Benchmarks

Overview

Comprehensive benchmarks comparing Mycelia's various approaches on different datasets.

The lightweight GitHub Actions CI on master remains the default merge gate. Extended HPC validation is published separately from ci/hpc/run_hpc_ci.sh via bash ci/hpc/publish_hpc_results.sh, which updates the hpc-results branch with:

latest-hpc-results.json for the full machine-readable run summary
latest-tests.json for the Shields HPC test badge endpoint
latest-benchmarks.json for the Shields HPC benchmark badge endpoint
latest-meta.json for commit, timestamp, and cluster metadata

The raw branch history keeps one archived directory per commit so published status can be traced back to a specific HPC run without committing bulky logs or benchmark artifacts to the main repository history.

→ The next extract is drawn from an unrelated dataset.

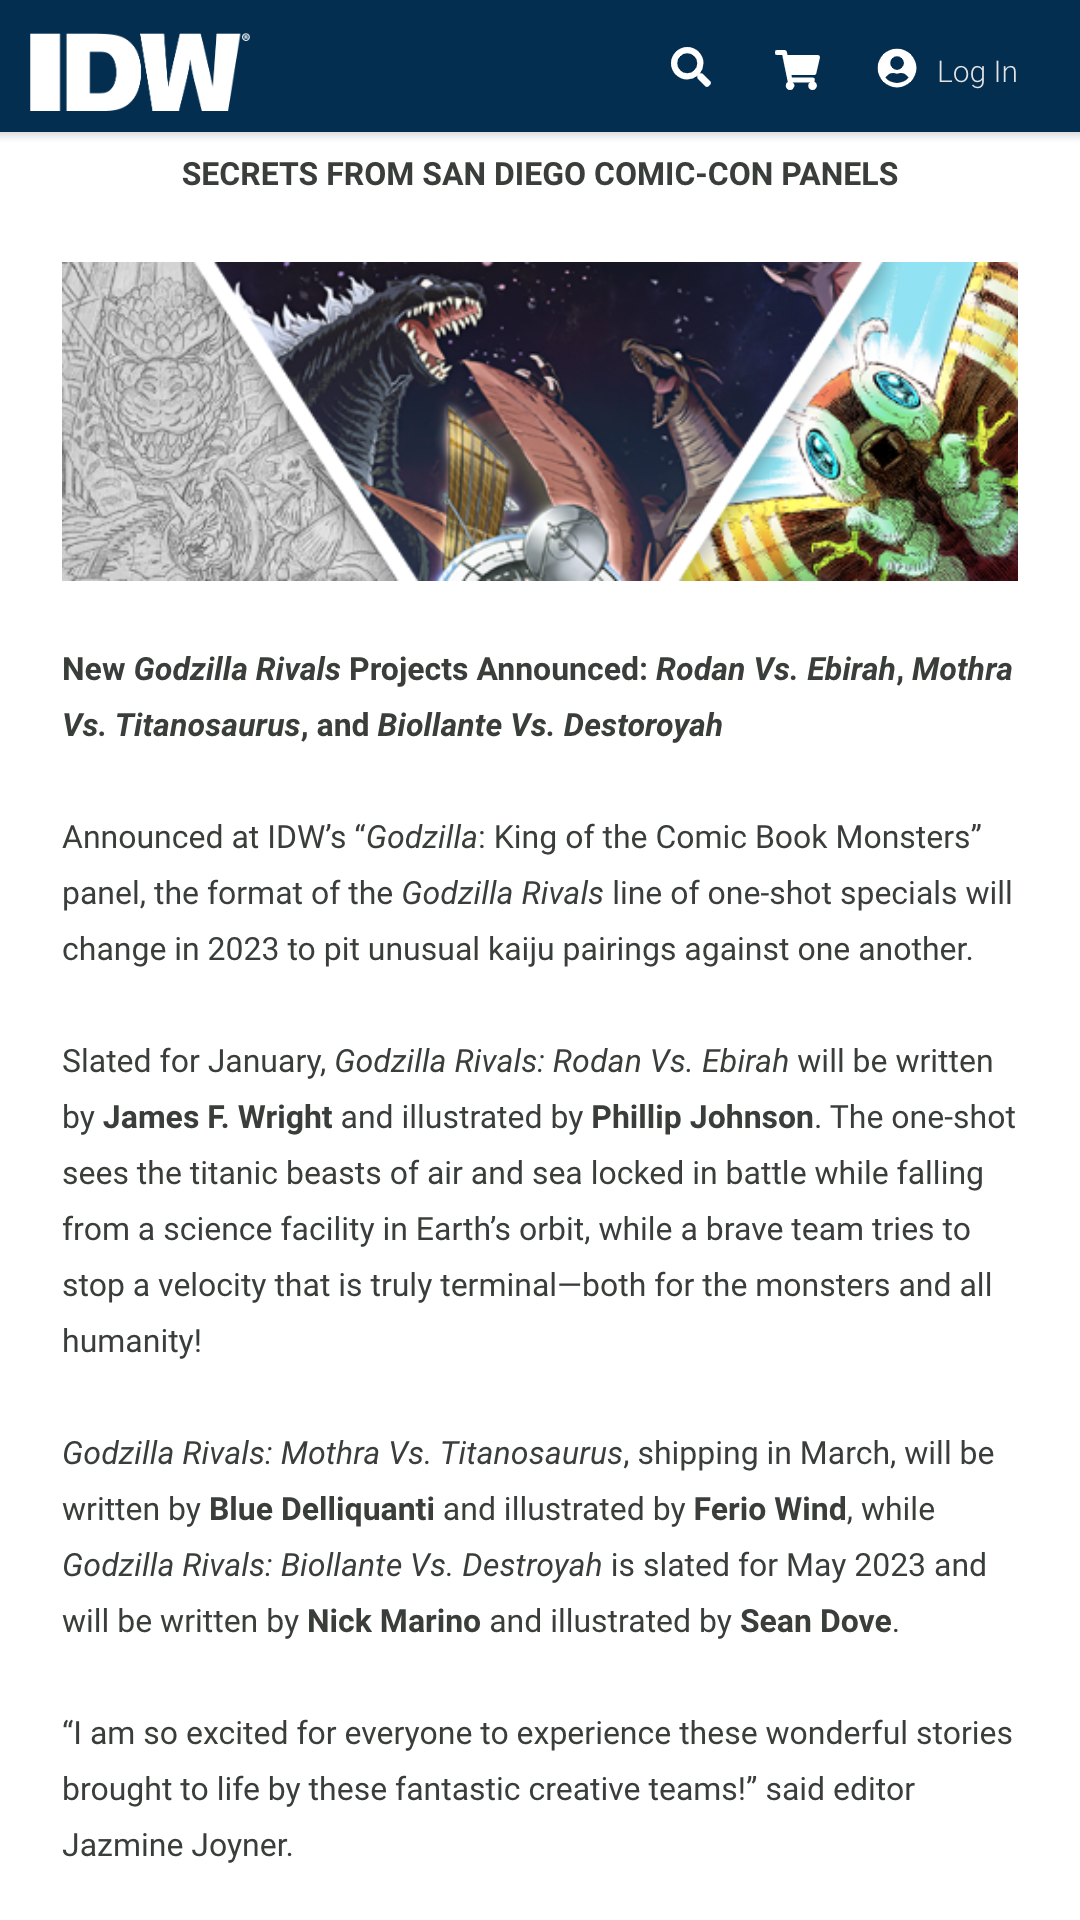 IDW Godzilla Rivals comics 2023

Standard Assembler Fixtures

The short-read assembler comparison benchmark now includes two deterministic fixtures that can be regenerated locally without external downloads:

Fixture	Type	Description	Generation
`synthetic_isolate_5386`	Isolate	Single 5.4 kb synthetic genome for short-read assembly sanity checks	Pure Julia, fixed seed
`synthetic_metagenome_pair`	Metagenome	Two-genome low-complexity community with uneven coverage	Pure Julia, fixed seeds

Run the comparison benchmark with:

julia --project=. benchmarking/assembler_comparison_standard_fixtures.jl

This benchmark compares Mycelia.Rhizomorph.assemble_genome, run_megahit, and run_metaspades on the same generated FASTQ inputs and writes the run plan plus results as CSV files.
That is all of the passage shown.